For the sake of simplicity, the terms frequency also may be replaced by a simple scoring. For example, each of the terms related to some document may be arranged in sequence, and then the front one gets the higher weight coefficient. For instance, if some term is the first one among all the terms in the retrieved classified documents, this term is given 5 scores with respect to the related degree of the retrieved classified documents. Analogically, the second one is given 3 scores, and the third one is given 1 score. This is because the purpose of the terms frequency is to weight the weight of some term in some document. In addition, as the term extracting weight of some term is higher, it represents that the weight in some document in greater, and the appearing possibility thereof in other documents is lower. That is, the document found according to this term approximates the content to be retrieved by the user. In addition, the classifications 42 may include, without limitation to, a product classification, a technology classification, a manufacturer classification or a character classification.


In addition, the related document content linking managing system 2 may further include a correlation term retrieving module 27, which analyzes the retrieved classified documents 32 so as to retrieve at least one correlation term 321. At this time, the outputting module 26 may further output the retrieved correlation term 321. For example, the correlation term retrieving module 27 may grade the retrieved correlation terms 321, and then the outputting module 26 makes a sorting according to the level of each correlation term 321 and outputs these correlation terms 321. Also for example, the correlation term retrieving module 27 may find (or even display) other terms related to the retrieved correlation terms 321 according to the term-classification database 22, such that the user may refer to the other terms and consider, for example, whether or not a broader retrieving is to be made.

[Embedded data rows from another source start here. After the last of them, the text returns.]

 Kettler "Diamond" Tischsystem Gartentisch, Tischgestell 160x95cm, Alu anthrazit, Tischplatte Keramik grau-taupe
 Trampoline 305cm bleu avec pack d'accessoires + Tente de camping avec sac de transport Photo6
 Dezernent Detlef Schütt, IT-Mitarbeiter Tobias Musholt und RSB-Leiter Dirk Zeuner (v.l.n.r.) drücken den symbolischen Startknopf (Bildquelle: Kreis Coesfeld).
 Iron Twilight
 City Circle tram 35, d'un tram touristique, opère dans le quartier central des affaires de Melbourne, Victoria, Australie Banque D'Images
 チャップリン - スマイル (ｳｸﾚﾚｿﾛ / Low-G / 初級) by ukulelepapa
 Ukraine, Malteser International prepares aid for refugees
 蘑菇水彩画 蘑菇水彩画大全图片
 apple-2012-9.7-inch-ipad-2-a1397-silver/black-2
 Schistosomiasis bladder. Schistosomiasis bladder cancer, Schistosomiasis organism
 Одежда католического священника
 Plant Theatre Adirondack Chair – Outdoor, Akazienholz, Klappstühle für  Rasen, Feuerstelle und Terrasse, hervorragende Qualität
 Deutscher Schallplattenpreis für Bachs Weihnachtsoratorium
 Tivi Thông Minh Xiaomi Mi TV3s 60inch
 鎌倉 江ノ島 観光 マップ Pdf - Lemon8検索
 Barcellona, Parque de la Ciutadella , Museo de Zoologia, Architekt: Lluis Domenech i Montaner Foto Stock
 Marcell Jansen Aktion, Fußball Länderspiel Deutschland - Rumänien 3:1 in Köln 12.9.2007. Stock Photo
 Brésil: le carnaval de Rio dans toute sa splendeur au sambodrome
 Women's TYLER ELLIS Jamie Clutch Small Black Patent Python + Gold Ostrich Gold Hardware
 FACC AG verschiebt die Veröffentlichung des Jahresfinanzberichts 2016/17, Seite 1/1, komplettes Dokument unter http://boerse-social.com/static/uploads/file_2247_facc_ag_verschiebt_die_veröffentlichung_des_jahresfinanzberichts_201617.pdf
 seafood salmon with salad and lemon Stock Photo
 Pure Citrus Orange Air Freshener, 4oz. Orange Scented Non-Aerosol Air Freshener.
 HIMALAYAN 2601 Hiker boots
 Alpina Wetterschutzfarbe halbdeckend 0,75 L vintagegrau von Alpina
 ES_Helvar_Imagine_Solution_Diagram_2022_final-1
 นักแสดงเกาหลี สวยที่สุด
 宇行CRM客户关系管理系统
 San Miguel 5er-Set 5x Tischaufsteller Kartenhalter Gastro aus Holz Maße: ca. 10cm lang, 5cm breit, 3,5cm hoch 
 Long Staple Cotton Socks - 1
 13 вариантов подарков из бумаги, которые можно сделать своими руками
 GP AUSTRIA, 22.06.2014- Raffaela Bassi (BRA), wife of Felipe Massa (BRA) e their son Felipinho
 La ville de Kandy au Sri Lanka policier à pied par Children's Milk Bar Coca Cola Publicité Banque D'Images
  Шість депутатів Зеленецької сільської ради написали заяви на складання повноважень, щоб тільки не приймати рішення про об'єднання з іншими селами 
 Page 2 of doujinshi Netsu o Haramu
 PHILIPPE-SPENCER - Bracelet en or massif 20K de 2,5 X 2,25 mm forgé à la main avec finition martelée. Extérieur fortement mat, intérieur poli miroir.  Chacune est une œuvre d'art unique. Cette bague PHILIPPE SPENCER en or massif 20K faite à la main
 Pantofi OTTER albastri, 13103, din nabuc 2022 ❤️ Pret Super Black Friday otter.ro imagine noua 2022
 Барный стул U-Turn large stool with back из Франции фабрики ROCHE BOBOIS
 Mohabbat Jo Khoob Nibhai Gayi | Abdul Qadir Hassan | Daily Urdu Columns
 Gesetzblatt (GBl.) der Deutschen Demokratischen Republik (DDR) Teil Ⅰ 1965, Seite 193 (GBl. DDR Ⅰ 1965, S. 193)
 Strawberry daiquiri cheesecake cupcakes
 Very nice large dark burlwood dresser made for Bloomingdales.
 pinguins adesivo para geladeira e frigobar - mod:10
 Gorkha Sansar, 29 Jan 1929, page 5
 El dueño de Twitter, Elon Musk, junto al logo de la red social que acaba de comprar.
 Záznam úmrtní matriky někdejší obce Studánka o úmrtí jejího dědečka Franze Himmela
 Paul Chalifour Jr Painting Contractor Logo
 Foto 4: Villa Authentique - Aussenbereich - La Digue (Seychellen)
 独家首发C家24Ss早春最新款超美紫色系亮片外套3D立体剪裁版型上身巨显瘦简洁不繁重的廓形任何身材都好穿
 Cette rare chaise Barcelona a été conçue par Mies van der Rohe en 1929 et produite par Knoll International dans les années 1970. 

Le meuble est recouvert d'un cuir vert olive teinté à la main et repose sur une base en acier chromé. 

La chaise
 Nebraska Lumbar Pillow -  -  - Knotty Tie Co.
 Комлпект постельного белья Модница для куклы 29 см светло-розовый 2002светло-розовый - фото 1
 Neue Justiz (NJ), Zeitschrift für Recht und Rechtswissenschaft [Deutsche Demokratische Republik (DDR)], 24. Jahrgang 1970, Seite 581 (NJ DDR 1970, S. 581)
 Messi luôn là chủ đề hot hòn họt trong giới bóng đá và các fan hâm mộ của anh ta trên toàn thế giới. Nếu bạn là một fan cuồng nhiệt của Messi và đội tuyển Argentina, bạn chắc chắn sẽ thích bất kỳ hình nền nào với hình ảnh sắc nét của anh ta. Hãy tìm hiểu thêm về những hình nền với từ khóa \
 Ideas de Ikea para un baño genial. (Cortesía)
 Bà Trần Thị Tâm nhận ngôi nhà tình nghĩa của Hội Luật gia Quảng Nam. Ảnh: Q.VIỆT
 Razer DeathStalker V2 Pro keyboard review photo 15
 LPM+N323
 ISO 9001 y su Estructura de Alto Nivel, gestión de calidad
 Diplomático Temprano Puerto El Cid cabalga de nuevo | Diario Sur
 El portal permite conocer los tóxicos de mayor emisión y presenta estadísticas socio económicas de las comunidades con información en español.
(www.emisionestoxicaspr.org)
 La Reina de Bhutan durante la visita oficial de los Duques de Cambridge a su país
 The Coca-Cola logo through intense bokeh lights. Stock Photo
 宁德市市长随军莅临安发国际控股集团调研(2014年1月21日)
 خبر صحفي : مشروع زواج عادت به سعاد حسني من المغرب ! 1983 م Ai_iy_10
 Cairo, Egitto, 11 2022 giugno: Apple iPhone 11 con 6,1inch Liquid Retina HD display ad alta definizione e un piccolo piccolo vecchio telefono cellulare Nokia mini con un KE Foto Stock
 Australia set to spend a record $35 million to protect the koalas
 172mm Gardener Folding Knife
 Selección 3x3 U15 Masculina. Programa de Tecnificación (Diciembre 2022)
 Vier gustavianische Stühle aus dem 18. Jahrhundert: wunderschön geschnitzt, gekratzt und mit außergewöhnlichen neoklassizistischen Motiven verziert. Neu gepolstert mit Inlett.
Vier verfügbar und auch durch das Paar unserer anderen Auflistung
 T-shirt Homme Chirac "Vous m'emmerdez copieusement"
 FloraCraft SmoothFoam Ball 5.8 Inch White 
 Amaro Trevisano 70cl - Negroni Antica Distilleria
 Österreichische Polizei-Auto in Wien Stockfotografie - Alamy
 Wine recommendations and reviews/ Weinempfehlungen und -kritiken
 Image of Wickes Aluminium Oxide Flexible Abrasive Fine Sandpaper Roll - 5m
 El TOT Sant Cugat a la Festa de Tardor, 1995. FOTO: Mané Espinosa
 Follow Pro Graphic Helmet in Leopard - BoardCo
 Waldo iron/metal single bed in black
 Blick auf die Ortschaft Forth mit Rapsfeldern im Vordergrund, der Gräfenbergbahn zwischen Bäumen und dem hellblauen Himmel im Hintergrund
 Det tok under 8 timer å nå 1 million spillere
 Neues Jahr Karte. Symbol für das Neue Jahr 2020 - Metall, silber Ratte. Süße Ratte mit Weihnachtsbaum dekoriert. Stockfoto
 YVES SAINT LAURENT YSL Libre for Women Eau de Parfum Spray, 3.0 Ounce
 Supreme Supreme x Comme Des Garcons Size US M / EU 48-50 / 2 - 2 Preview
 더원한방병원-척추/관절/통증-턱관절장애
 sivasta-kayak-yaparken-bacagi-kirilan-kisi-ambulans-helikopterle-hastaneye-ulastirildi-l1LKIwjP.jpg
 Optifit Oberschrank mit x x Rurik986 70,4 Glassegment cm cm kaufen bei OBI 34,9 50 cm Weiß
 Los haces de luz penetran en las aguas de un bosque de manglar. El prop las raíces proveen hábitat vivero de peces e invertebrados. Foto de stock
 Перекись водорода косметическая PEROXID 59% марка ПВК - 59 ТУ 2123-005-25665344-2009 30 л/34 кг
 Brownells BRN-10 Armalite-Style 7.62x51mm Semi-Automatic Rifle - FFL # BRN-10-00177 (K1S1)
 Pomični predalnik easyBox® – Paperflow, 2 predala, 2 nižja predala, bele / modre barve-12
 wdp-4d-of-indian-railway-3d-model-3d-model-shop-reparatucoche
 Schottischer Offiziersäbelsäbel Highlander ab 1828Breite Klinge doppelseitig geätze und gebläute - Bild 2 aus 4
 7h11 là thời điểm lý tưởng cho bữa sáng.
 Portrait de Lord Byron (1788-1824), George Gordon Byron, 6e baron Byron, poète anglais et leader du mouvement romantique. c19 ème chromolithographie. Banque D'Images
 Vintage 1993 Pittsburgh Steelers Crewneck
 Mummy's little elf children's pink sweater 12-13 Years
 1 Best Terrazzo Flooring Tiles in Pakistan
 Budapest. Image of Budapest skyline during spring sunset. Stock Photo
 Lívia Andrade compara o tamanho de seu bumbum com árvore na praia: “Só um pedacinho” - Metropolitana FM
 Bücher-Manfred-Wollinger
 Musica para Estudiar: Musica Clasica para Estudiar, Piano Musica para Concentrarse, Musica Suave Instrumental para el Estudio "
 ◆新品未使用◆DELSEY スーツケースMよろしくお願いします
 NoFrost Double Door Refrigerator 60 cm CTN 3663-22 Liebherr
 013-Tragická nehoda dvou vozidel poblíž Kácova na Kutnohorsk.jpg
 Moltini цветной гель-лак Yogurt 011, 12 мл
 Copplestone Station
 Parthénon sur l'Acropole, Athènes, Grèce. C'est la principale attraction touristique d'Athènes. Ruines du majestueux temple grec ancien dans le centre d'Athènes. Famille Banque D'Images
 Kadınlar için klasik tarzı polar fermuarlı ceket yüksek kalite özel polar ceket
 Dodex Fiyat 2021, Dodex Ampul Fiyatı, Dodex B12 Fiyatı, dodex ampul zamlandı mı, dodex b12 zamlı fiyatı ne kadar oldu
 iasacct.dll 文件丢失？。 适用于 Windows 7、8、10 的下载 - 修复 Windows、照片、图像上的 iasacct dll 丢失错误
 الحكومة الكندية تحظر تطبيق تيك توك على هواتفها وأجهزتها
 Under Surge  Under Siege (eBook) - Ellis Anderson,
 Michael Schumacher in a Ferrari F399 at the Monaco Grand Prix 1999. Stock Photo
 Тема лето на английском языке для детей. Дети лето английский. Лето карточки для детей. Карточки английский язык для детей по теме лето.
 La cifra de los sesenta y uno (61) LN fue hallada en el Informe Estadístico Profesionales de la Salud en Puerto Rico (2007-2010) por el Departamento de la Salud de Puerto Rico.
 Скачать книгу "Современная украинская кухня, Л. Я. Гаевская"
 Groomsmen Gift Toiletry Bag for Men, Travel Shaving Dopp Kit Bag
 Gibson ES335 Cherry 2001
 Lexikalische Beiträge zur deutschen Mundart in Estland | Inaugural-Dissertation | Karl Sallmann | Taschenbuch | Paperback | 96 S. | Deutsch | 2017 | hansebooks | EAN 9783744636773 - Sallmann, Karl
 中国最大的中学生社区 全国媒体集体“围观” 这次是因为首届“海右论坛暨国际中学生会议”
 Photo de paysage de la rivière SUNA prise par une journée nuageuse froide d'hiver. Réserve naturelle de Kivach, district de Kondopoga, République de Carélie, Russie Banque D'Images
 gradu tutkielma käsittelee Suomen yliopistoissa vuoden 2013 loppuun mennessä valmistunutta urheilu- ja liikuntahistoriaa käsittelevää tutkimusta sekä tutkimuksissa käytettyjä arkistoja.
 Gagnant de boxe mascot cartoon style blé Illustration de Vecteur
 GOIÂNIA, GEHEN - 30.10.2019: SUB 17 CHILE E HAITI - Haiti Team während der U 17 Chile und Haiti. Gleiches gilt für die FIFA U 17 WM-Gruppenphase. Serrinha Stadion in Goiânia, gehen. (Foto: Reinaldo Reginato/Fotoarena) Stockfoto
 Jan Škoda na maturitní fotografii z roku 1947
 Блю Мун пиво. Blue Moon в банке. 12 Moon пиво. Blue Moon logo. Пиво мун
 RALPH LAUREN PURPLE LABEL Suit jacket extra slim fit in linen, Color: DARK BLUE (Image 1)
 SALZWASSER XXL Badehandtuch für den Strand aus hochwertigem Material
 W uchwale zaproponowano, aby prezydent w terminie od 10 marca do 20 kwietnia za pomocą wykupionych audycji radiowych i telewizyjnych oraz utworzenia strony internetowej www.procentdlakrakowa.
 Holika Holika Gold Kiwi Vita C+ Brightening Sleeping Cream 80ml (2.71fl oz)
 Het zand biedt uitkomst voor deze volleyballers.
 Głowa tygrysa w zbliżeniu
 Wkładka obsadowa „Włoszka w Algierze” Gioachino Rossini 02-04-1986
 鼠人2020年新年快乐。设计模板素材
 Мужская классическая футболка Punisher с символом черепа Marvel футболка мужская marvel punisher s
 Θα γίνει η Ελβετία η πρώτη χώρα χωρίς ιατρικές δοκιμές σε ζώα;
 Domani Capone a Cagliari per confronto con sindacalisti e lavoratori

Furthermore, related document content linking managing system 2 may include a related document retrieving module 28, which analyzes the retrieved classified documents 32 so as to further retrieve other classified documents 32 related to the classified documents 32. Next, the outputting module 26 simultaneously outputs the other retrieved and associated classified documents 32. For example, when the retrieved classified documents 32 correspond to some term, the related document retrieving module 28 may find other documents corresponding to some of these terms, or find other terms related to the terms (e.g., belonging to the same or similar term classification), such that the user may consider whether or not a broader retrieving is to be made.


In this embodiment, the correlation term retrieving module 27 may also generate a ratio, which is a collection frequency weight of the retrieved correlation term 321 and capable of representing an association degree 4 between some correlation term 321 and some document 32, according to the number of all classified documents 32 and the number of the classified documents 32 containing the retrieved correlation term 321. The correlation term retrieving module 27 may also obtain a terms frequency, which may represent the appearance frequency (or possible importance) of some term 321 in the document 32 according to the number of appearance times of some correlation term 321 in some document 32. The correlation term retrieving module 27 may also obtain a term extracting weight, which may represent the important degree of some term 321 with respect to some document 32, according to a product of the collection frequency weight and the terms frequency. Herein, because the calculation details are partially the same as those of the classifying module, detailed descriptions thereof will be omitted.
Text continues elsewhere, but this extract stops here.